The analysis of desacetylrifampin data was only limited to Middle Eastern Arab subjects due to the lack of available data for other ethnic groups. There was a significant positive correlation between the AUC of rifampin and AUC of desacetylrifampin (r=0.695, p=0.00016), but there was no apparent trend for subjects with high AUC of rifampin to show a reduced AUC of desacetylrifampin over the entire Middle Eastern population. In consequence, calculation of the ratio ofAUC of desacetylrifampin to that of rifampin did not result in a separation of these individuals with higher AUC values of rifampin. Similarly, the calculation of the reciprocal ratio of the AUC of the metabolite to that of rifampin failed to reveal any distinct trend in rifampin metabolism among Middle Eastern Arabs.

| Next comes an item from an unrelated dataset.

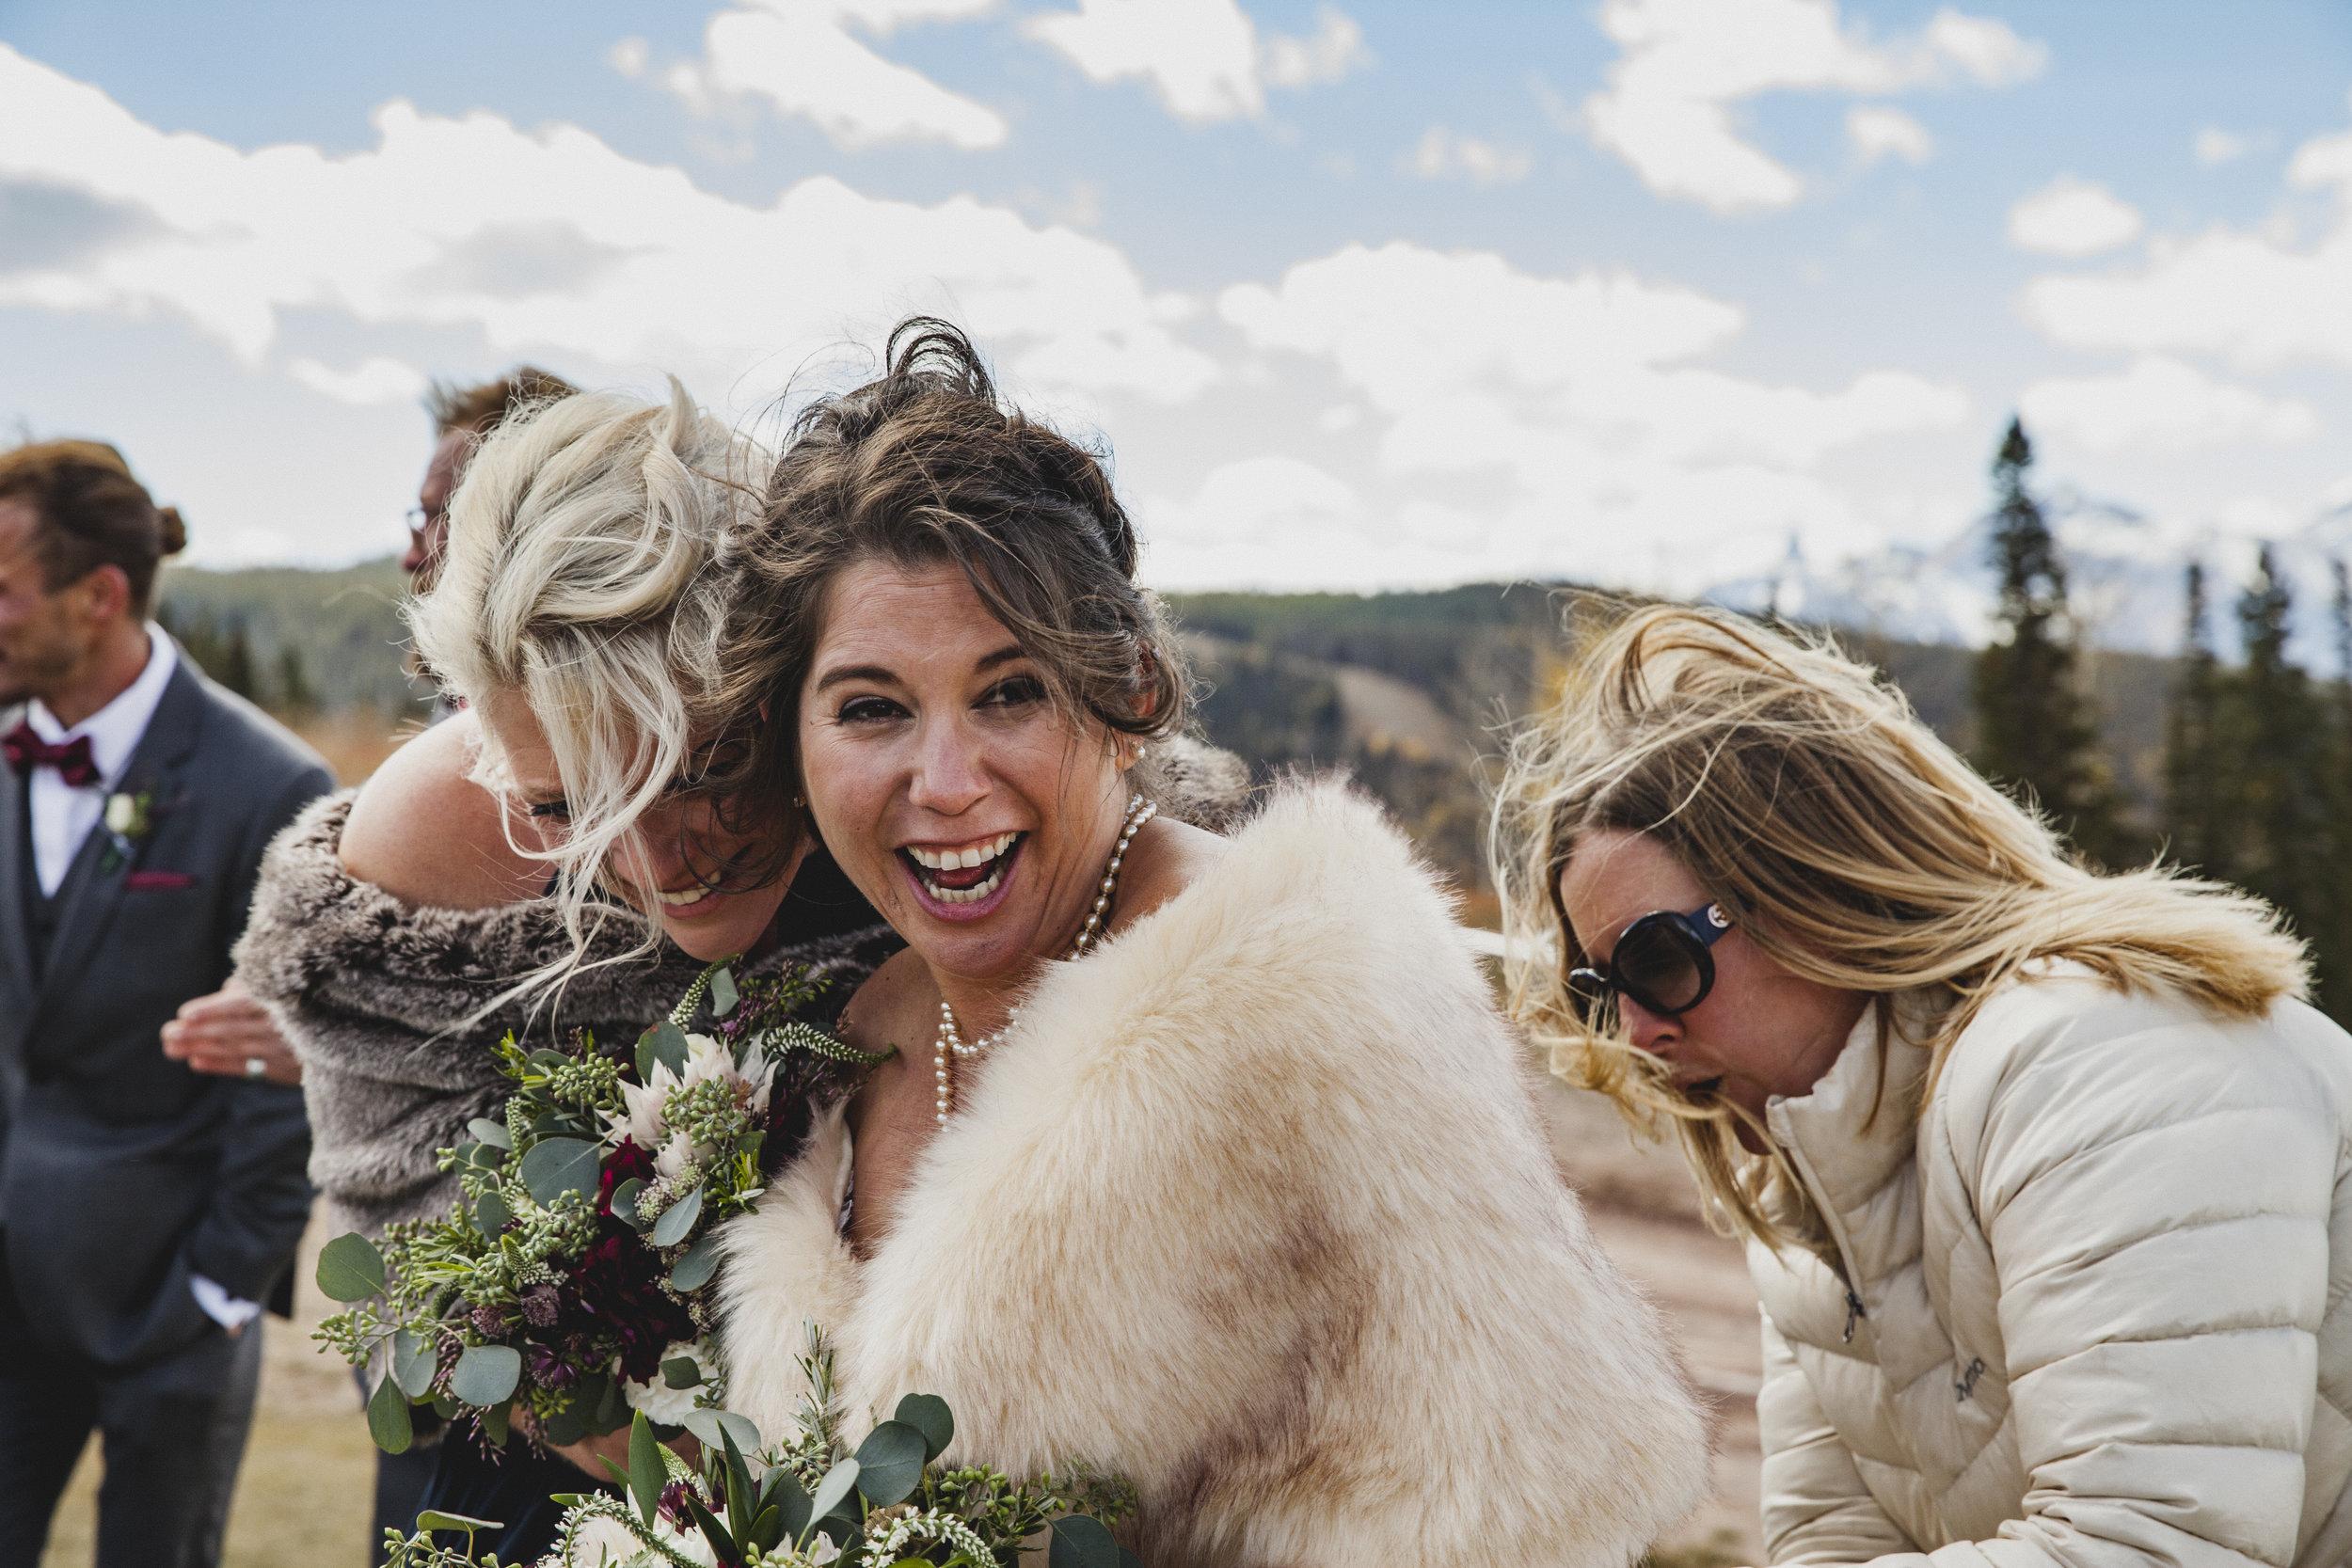 NE-LeahandAshtonphotography-Telluride-Wedding-Photography-6891.jpg

In this report, an attempt was made to investigate the possible existence of interethnic differences in rifampin pharmacokinetics. Previous reports suggested the occurrence of such differences [31]. The biological basis for the observed higher values for AUC could be due to a genetically determined differences in metabolizing enzymes as a result of the difference in affinity or the decrease in the amount of enzyme expression. Also the increase in plasma protein binding cannot be ruled out. American Caucasians, Tunisians and Middle Eastern Arabs can be considered similar with respect to rifampin pharmacokinetics, while Italians, Indians and Mexicans have almost the same pharmacokinetic profile based on probit analysis of AUC values. The high increase in AUC in Indonesian subjects probably arose from the presence of dietary component such as spices which inhibit the metabolizing enzymes. It is well documented that the CYP superfamily consists of multiple individual members, with distinct characteristics, substrate activity and specific genetic regulation [41]. The expression of these enzymes can also be influenced by different environmental and life style factors which could lead to interindividual differences in expression and activity.

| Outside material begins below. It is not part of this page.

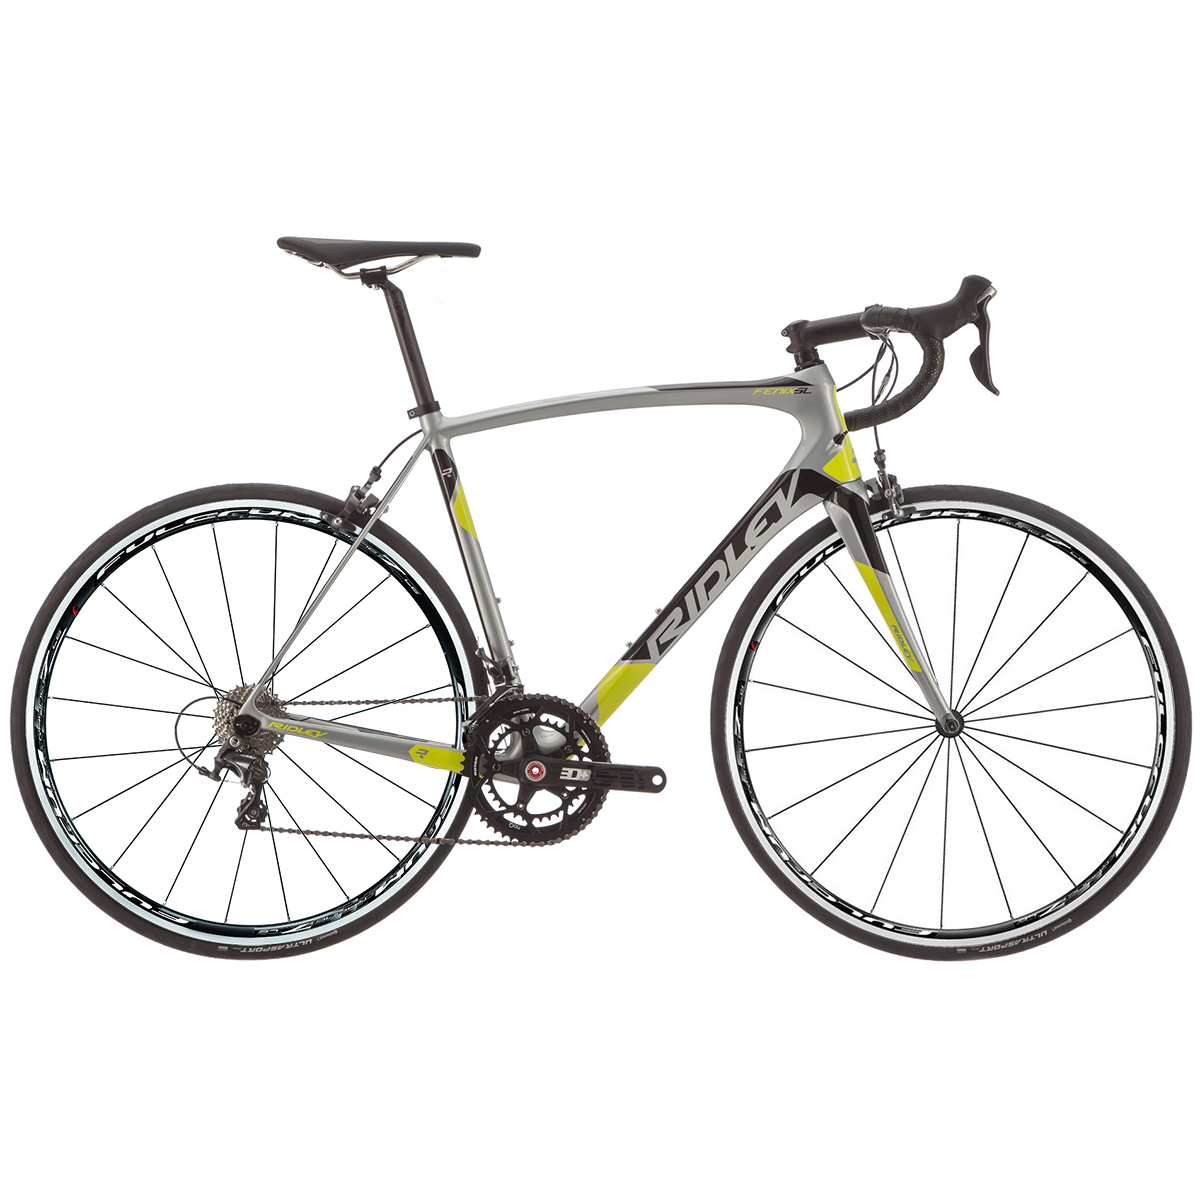 Ridley Fenix SL Ultegra/Rotor Carbon Road Bike - 2017

The lack of understanding of all the factors determining variability in pharmacokinetics of drugs and in response is perplexing to health care professionals as well as patients. Therefore, the process of prescribing medications such as rifampin, in fact, is an iterative process. Physicians usually start the patient with the so-called standard dose, then adjust the rifampin dose in response to the observed plasma level. Further investigations to using a large sample of subjects of various ethnic origins to unravel the probable effect of the underlying genetic determinants in pharmacokinetics of rifampin.

I wish to express my gratitude to Dr. Charles A. Peloquin, Director, Infectious Disease Pharmacokinetics Laboratory at the National Jewish Medical and Research Center, Denver, CO, for supplying the data for American Caucasians.